However, according to Burki, the company’s turnover started to exhibit a downward trend in 2015 following the exposure of the emission scandal. Typically, as Elson, Ferrere, and Goossen confirm, the quality of a company’s products and the overall customer satisfaction are the key determinants of brand equity. However, in the contemporary world, customers are also considering the environmental impact of the products and services when making purchase decisions as Waddell posit. The confirmation of the negative impacts that VW’s automobiles posed on the environment damaged its brand equity to the extent of causing the company’s rivals to outsmart it in terms of the turnover as Fleckner and Hopt observe. The profitability of the company was also adversely impacted by the revelation of the scandal.
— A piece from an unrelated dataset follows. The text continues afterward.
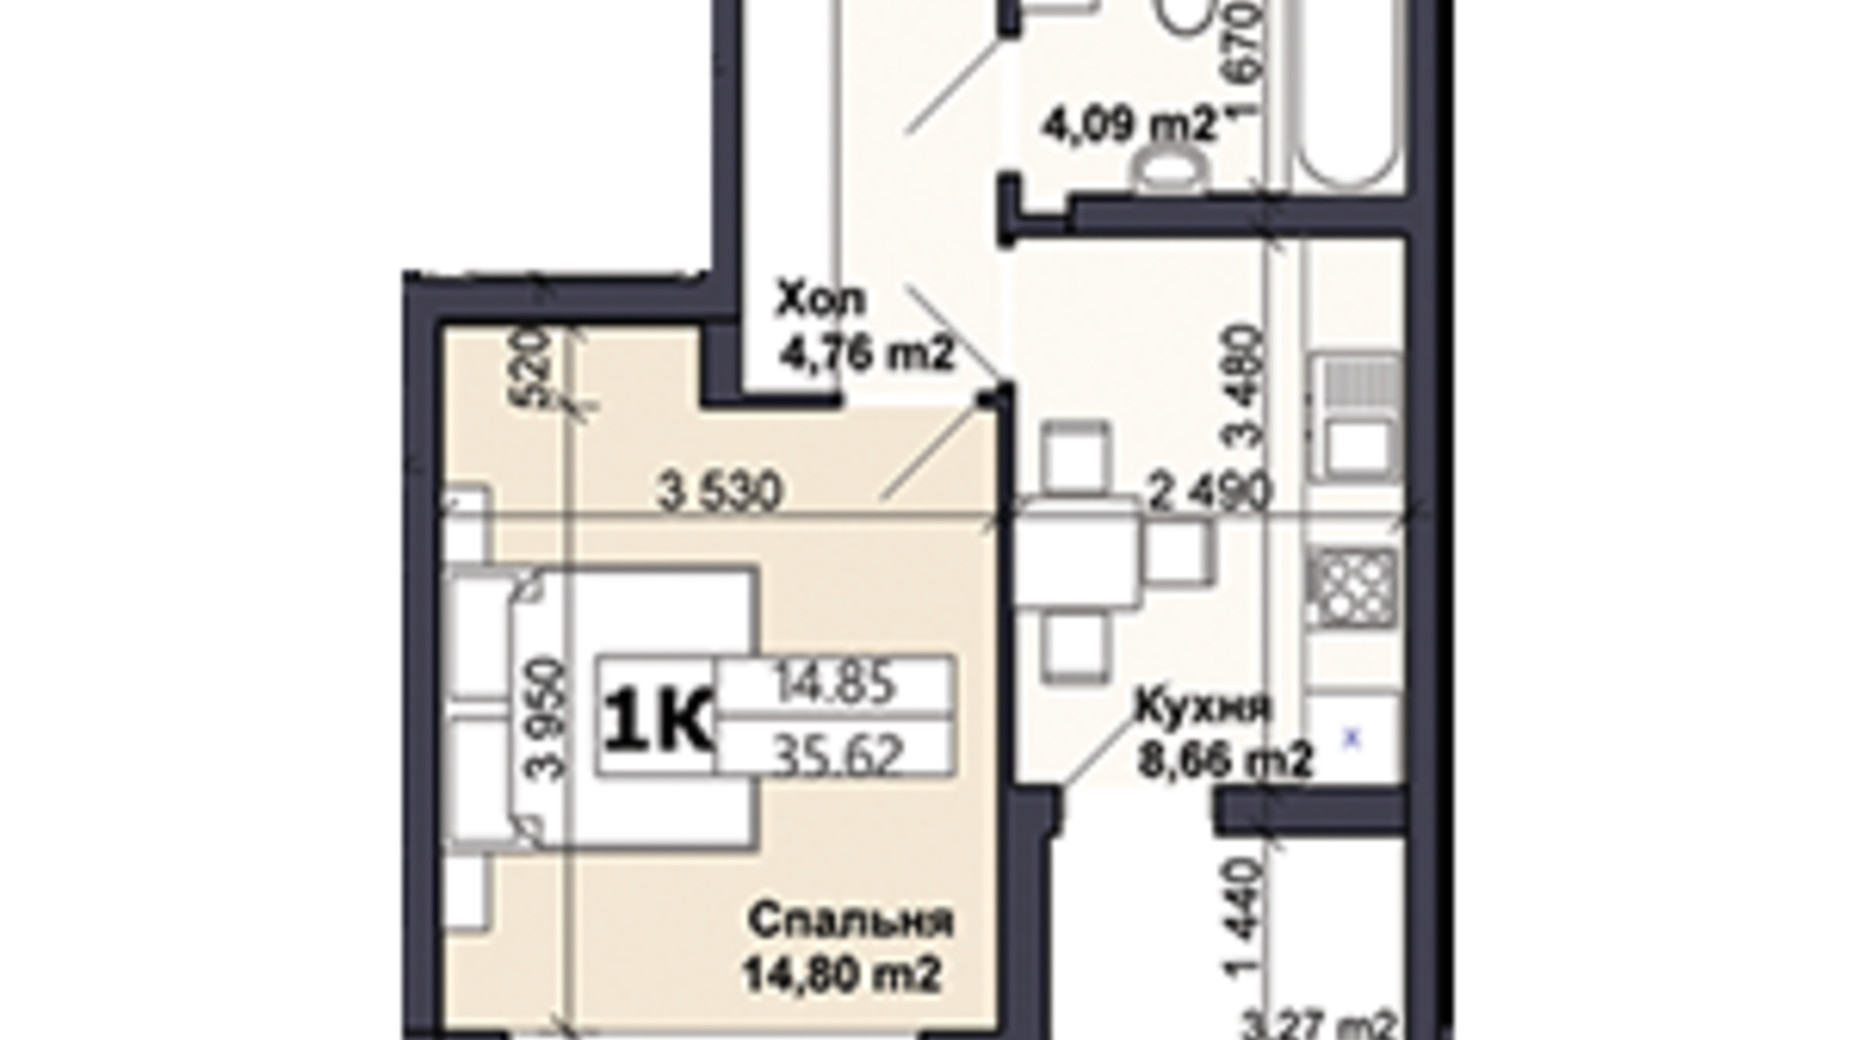 Планировка 1-комнатной квартиры в ЖК Саме той 35.62 м², фото 585407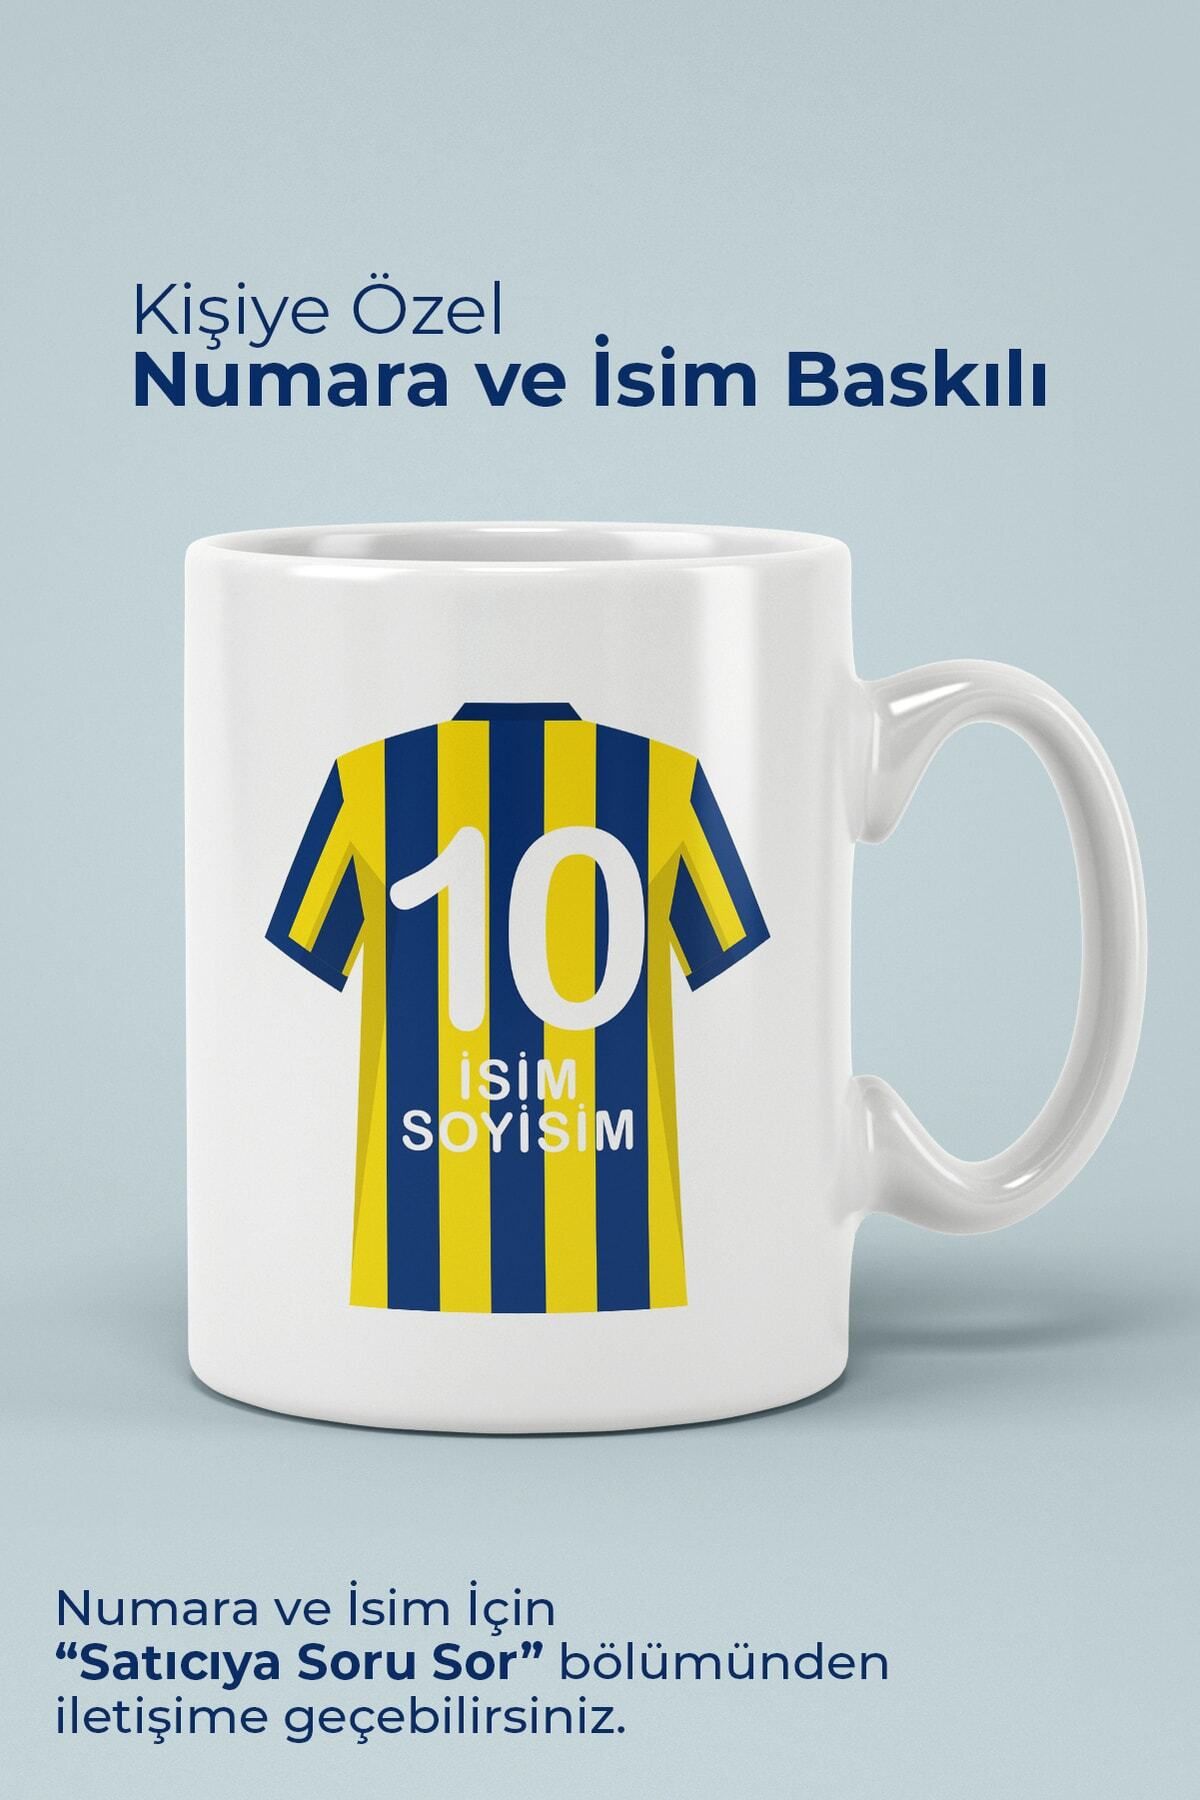 Klein Home Fenerbahçeli Kişiye Özel Numaralı Desenli Porselen Kupa Bardak

The company recorded the first-ever losses in the first quarter of 2016.
The Circumstances and Contributing Factors leading up to the Case Crisis
According to Patra, the fixing of the software in the vehicles followed a requirement by the EPA for the automobile industry to regulate the number of carbon emissions. Under the requirement, EPA would conduct carbon emissions tests before approving any newly designed vehicle. To pass the test, Boston and Houston-Waesch reveal how Volkswagen fraudulently fixed a gadget that would reduce the number of carbon emissions during such tests. The software could robotically sense when such tests were being carried out. As a result, it could regulate the operations of the engine accordingly to cut the carbon emissions.
According to Terry-Armstrong, one of the factors that facilitated the irresponsible act was the company’s weak corporate governance structure. The company lacked effective internal controls, a situation that enabled its managers to act irresponsibly without being held accountable. In fixing the software, a few engineers colluded with the functional managers to accomplish the mission. In his resignation letter, Martin Winterkorn, the CEO of the company, observed that he was not aware of the misdeeds. The remarks illustrate that the company lacked strong internal quality controls. In the presence of proper controls, the evil act by the engineers would have been detected and reported to the relevant authorities. According to Kollewe, another factor that might have contributed to the vice is the lack of a strict code of ethics. This situation may again be linked to the company’s corporate structure. Each company has a code of ethics, which regulates its employees’ behaviours. The code defines the rules and regulations that each employee of the organisation is expected to follow. VW’s code of ethics was not strong enough to mitigate irresponsible actions by its employees. The laxity of the ethical code gave workers the power to conduct themselves illegally, hence paving a way to the scandal.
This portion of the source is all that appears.